2023-06-28 19:01:55

by Matthew Wilcox

[permalink] [raw]
Subject: [PATCH] writeback: Account the number of pages written back

nr_to_write is a count of pages, so we need to decrease it by the number
of pages in the folio we just wrote, not by 1. Most callers specify
either LONG_MAX or 1, so are unaffected, but writeback_sb_inodes()
might end up writing 512x as many pages as it asked for.

Fixes: 793917d997df ("mm/readahead: Add large folio readahead")
Signed-off-by: Matthew Wilcox (Oracle) <[email protected]>
---
mm/page-writeback.c | 8 +++++---
1 file changed, 5 insertions(+), 3 deletions(-)

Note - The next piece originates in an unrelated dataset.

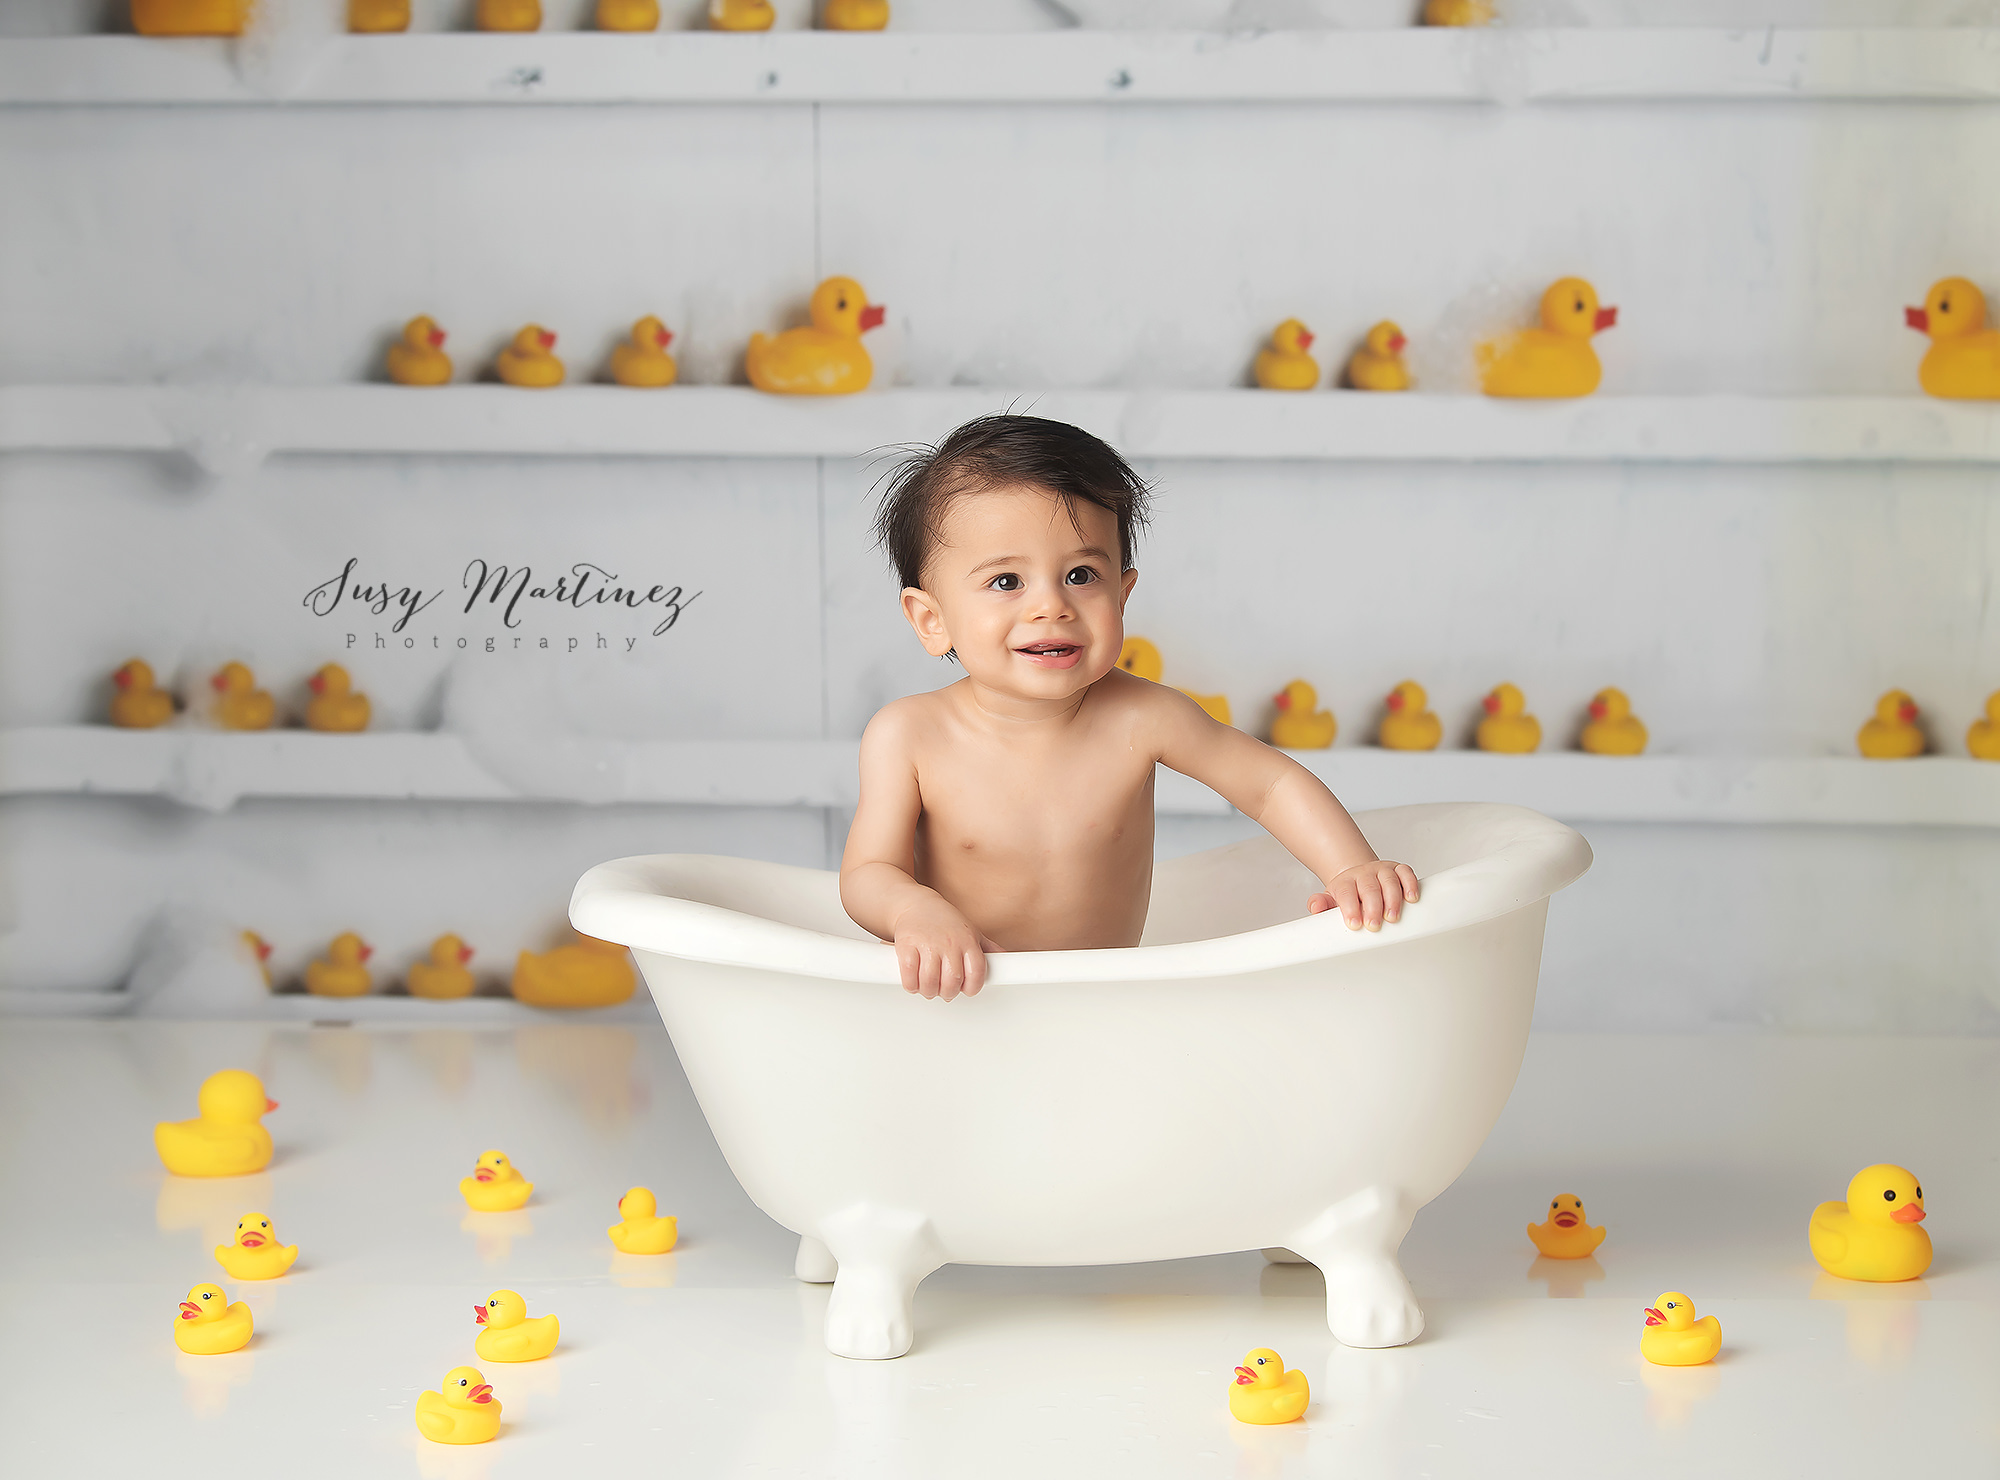 baby in tub with rubber ducks photographed by Susy Martinez Photography
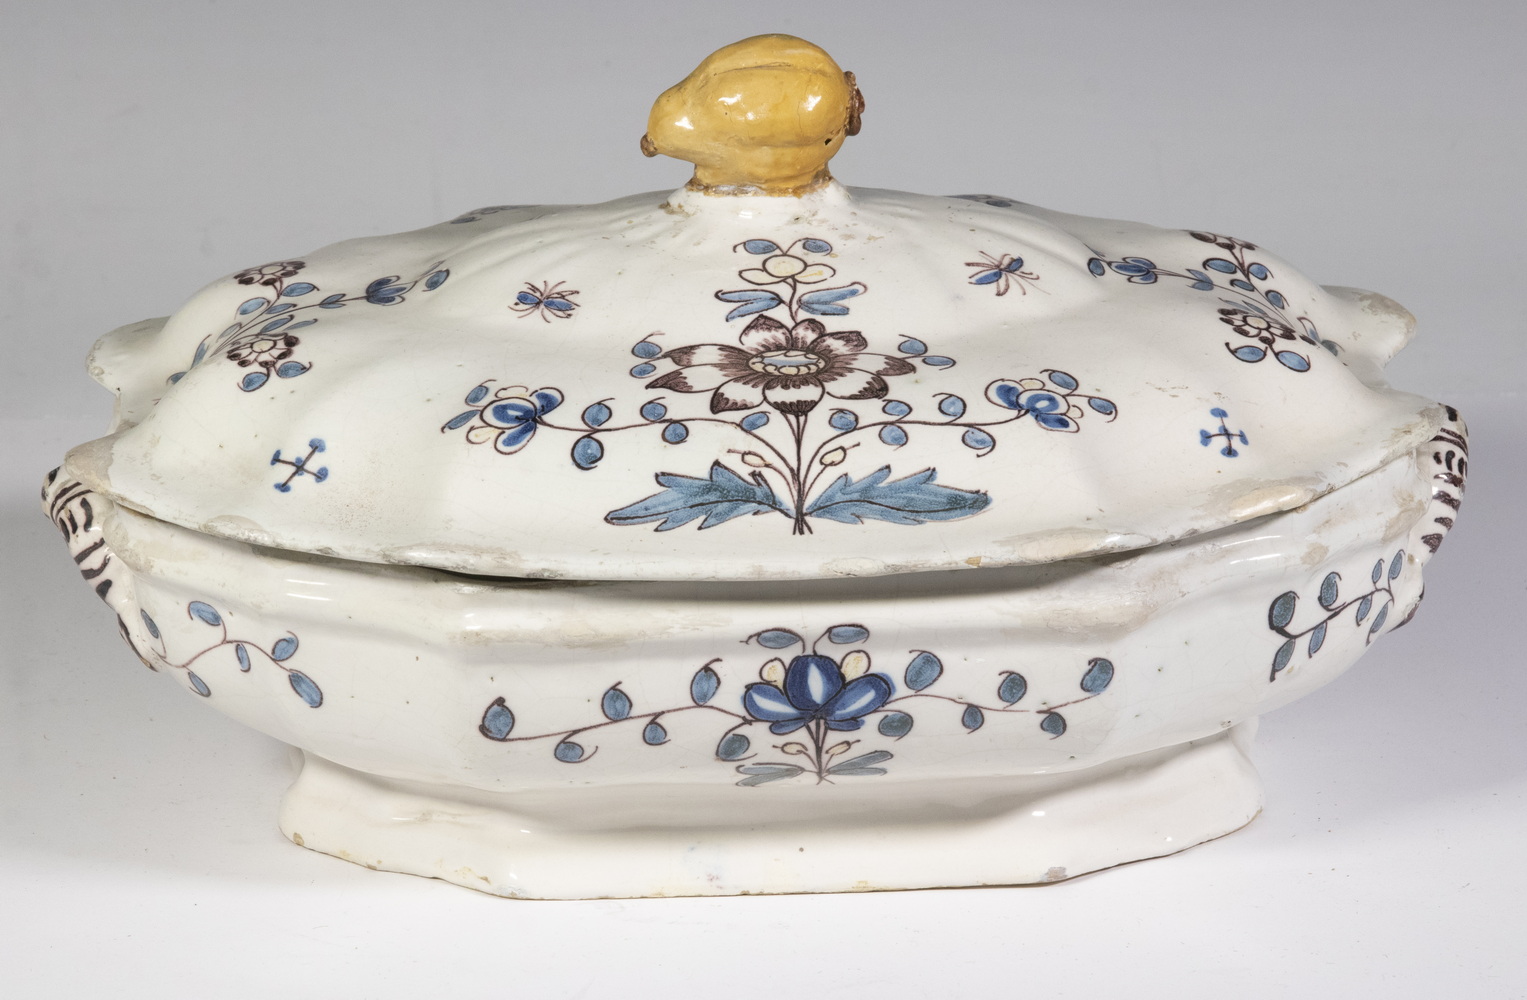 EARLY FRENCH FAIENCE LIDDED TUREEN

diff --git a/mm/page-writeback.c b/mm/page-writeback.c
index 1d17fb1ec863..d3f42009bb70 100644
--- a/mm/page-writeback.c
+++ b/mm/page-writeback.c
@@ -2434,6 +2434,7 @@ int write_cache_pages(struct address_space *mapping,

for (i = 0; i < nr_folios; i++) {
struct folio *folio = fbatch.folios[i];
+ unsigned long nr;

done_index = folio->index;

@@ -2471,6 +2472,7 @@ int write_cache_pages(struct address_space *mapping,

trace_wbc_writepage(wbc, inode_to_bdi(mapping->host));
error = writepage(folio, wbc, data);
+ nr = folio_nr_pages(folio);
if (unlikely(error)) {
/*
* Handle errors according to the type of
@@ -2489,8 +2491,7 @@ int write_cache_pages(struct address_space *mapping,
error = 0;
} else if (wbc->sync_mode != WB_SYNC_ALL) {
ret = error;
- done_index = folio->index +
- folio_nr_pages(folio);
+ done_index = folio->index + nr;
done = 1;
break;
}
@@ -2504,7 +2505,8 @@ int write_cache_pages(struct address_space *mapping,
* keep going until we have written all the pages
* we tagged for writeback prior to entering this loop.
*/
- if (--wbc->nr_to_write <= 0 &&
+ wbc->nr_to_write -= nr;
+ if (wbc->nr_to_write <= 0 &&
wbc->sync_mode == WB_SYNC_NONE) {
done = 1;
break;
--
2.39.2



2023-06-28 22:24:17

by Dave Chinner

[permalink] [raw]
Subject: Re: [PATCH] writeback: Account the number of pages written back

On Wed, Jun 28, 2023 at 07:55:48PM +0100, Matthew Wilcox (Oracle) wrote:
> nr_to_write is a count of pages, so we need to decrease it by the number
> of pages in the folio we just wrote, not by 1. Most callers specify
> either LONG_MAX or 1, so are unaffected, but writeback_sb_inodes()
> might end up writing 512x as many pages as it asked for.
>
> Fixes: 793917d997df ("mm/readahead: Add large folio readahead")
> Signed-off-by: Matthew Wilcox (Oracle) <[email protected]>
> ---
> mm/page-writeback.c | 8 +++++---
> 1 file changed, 5 insertions(+), 3 deletions(-)
>
> diff --git a/mm/page-writeback.c b/mm/page-writeback.c
> index 1d17fb1ec863..d3f42009bb70 100644
> --- a/mm/page-writeback.c
> +++ b/mm/page-writeback.c
> @@ -2434,6 +2434,7 @@ int write_cache_pages(struct address_space *mapping,
>
> for (i = 0; i < nr_folios; i++) {
> struct folio *folio = fbatch.folios[i];
> + unsigned long nr;
>
> done_index = folio->index;
>
> @@ -2471,6 +2472,7 @@ int write_cache_pages(struct address_space *mapping,
>
> trace_wbc_writepage(wbc, inode_to_bdi(mapping->host));
> error = writepage(folio, wbc, data);
> + nr = folio_nr_pages(folio);

This should really be done before writepage() is called, right? By
the time the writepage() returns, the folio can be unlocked, the
entire write completed and the folio partially invalidated which may
try to split the folio...

Even if this can't happen (folio refcount is elevated, right?), it
makes much more sense to me to sample the size of the folio while it
is obviously locked and not going to change...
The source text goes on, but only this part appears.